En 2020 les éditions du Belial ont récidivé leur pari osé en publiant le tome 2 intitulé Sept redditions du cycle Terra Ignota de Ada Palmer qui en comptera 4 au total.
En quelques mots : jamais la persévérance dans la lecture d’un tome 1 n’a eu une si belle récompense que ce tome 2 !
Nous retrouvons donc dans ce roman la société futuriste des Ruches où vous pouvez vous déplacer n’importe où sur le globe en moins de 2h et où les nations ont disparu au profit de groupement par valeurs, que les citoyens peuvent quitter s’ils en sont mécontents. Ce monde est en apparence une utopie de l’abondance et de l’égalité, qui s’est construite sur des grandes évolutions et avancées technologiques, présentées dans le tome 1 Trop semblable à l’éclair.
Dans Sept redditions, le narrateur Mycroft Canner continue son récit des événements politiques menant à l’effondrement de ce système.
Car dans ce second tome le vernis s’écaille et tous les personnages présentés dans le tome 1 tentent de sauver ce qui peut l’être de leur mode de vie alors que les scandales explosent les uns après les autres, prouvant que la paix ne peut pas aller de soi. Les réflexions politiques sont toujours nombreuses et passionnantes notamment autour de la question de la valeur de la paix et de l’utilité de la guerre, des sacrifices qu’on est prêt à faire pour l’avenir, et se teintent de philosophie et de métaphysique, puisqu’on s’interroge sur la nature même de la divinité (rien de moins).

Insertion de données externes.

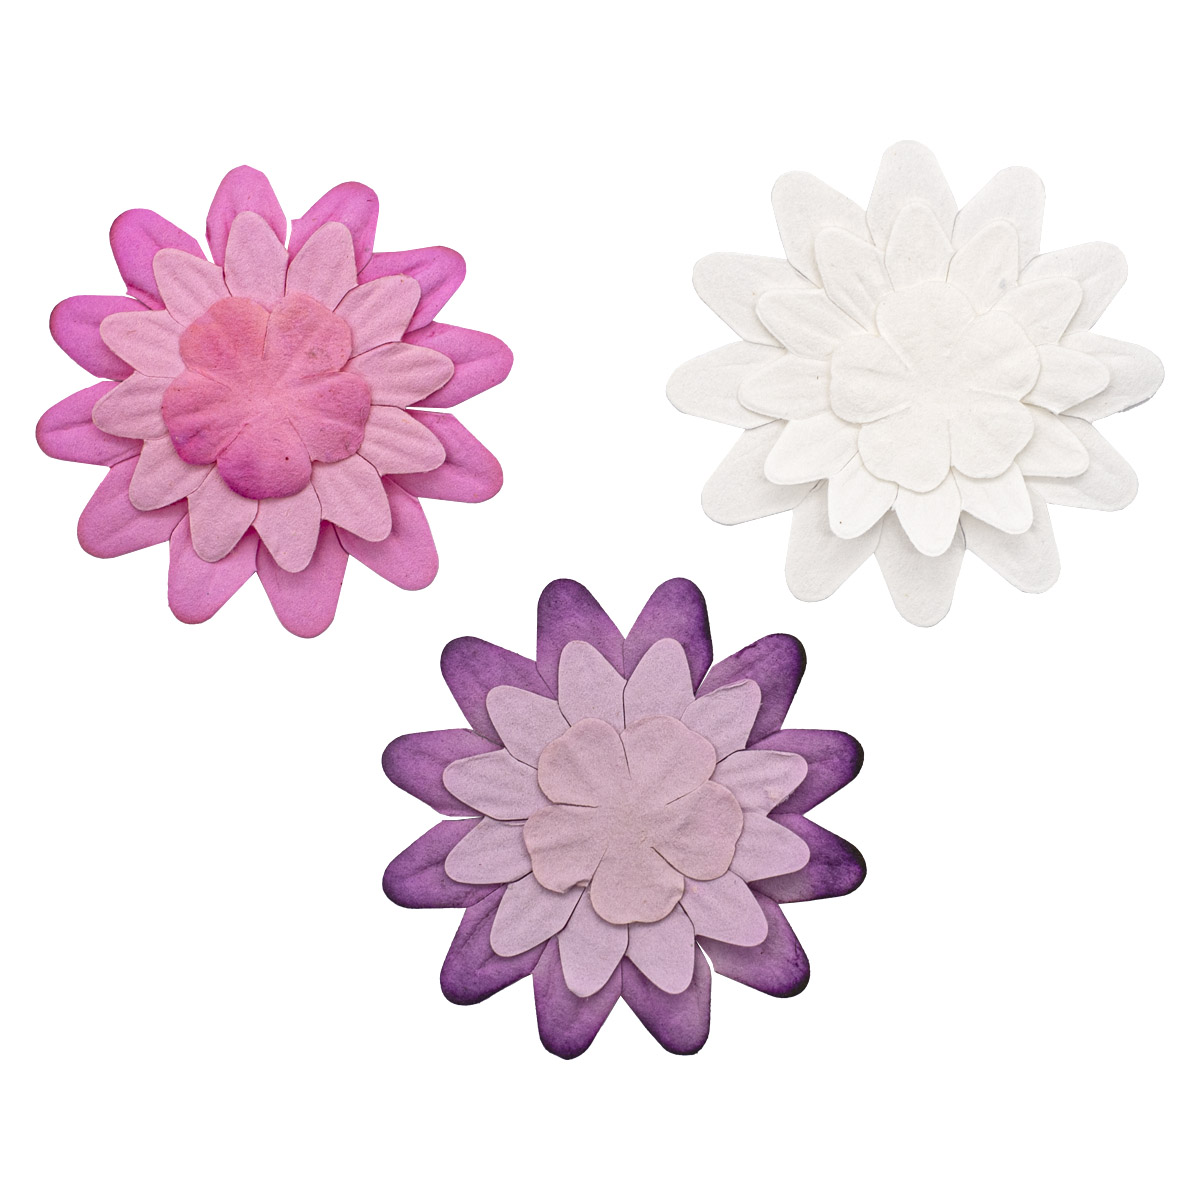 Набор принтованных бумажных цветочков 'Бело-розовое ассорти' 20мм, 35мм, 50мм, 180шт

L’influence du XVIIIe siècle français est toujours présente mais se révèle plus un outil politique dans les mains des protagonistes qu’une simple fantaisie de l’autrice.
Cette suite allie la grande qualité de répondre aux questions engendrées dans le tome 1 tout en éveillant son intérêt propre par de nouveaux rebondissements.
Ainsi toutes les pistes et questionnements du tome 1 s’éclairent et j’ai trouvé cette 2eme partie du récit de Ada Palmer extrêmement limpide et fluide.
Il faut reconnaître cependant que le mérite est partagé : d’une part, après la lecture du 1er tome Trop semblable à l’éclair, le lecteur s’est familiarisé avec le style de l’autrice, ses changements de style narratif, les dialogues non genrés. D’autre part, j’ai eu l’impression que son style était plus simple et classique que dans le tome 1, ce qui explique que la lecture gagne en aisance.
Le narrateur Mycroft Canner devient bien plus attachant et humain en révélant enfin ses motivations et son parcours. Certains passages sont d’une sensibilité extrême qui m’a touchée profondément, bien plus que l’érudition incroyable du texte. Deuil, passion, culpabilité, égoïsme, l’autrice, brillante sur de longs monologues, sait aussi en une phrase courte décrire avec une infinie justesse les plus complexes des émotions humaines.
Si je puis me permettre je relèverai tout de même certains écueils qui pourraient rebuter quelques lecteurs (à qui je conseille de persévérer 🙂 ) : la succession de dialogues sur des centaines de pages qui font presque penser à du théâtre classique où l’action passée ou en cours n’est pas montrée mais rapportée par d’autres ; des personnages aux allures de héros grecs, surpuissants, qui d’un battement de cil soumettent leurs ennemis, l’absence de nouveaux personnages dans ce tome 2 et même l’effacement de certains autres, pourtant très attachant.
Mais malgré cela ce tome 2 est une lecture lumineuse, intense et immensément riche. Je conseillerai pour l’apprécier pleinement de lire les interviews de l’autrice qui sont parues récemment. Un grand bravo également à Michelle Charrier, la traductrice, qui a fait un travail titanesque sur ce texte.
Les éditions du Belial continuent de nous gâter puisqu’elles ont publié en février 2021 le troisième tome intitulé La volonté de se battre, que je ne vais pas tarder à dévorer.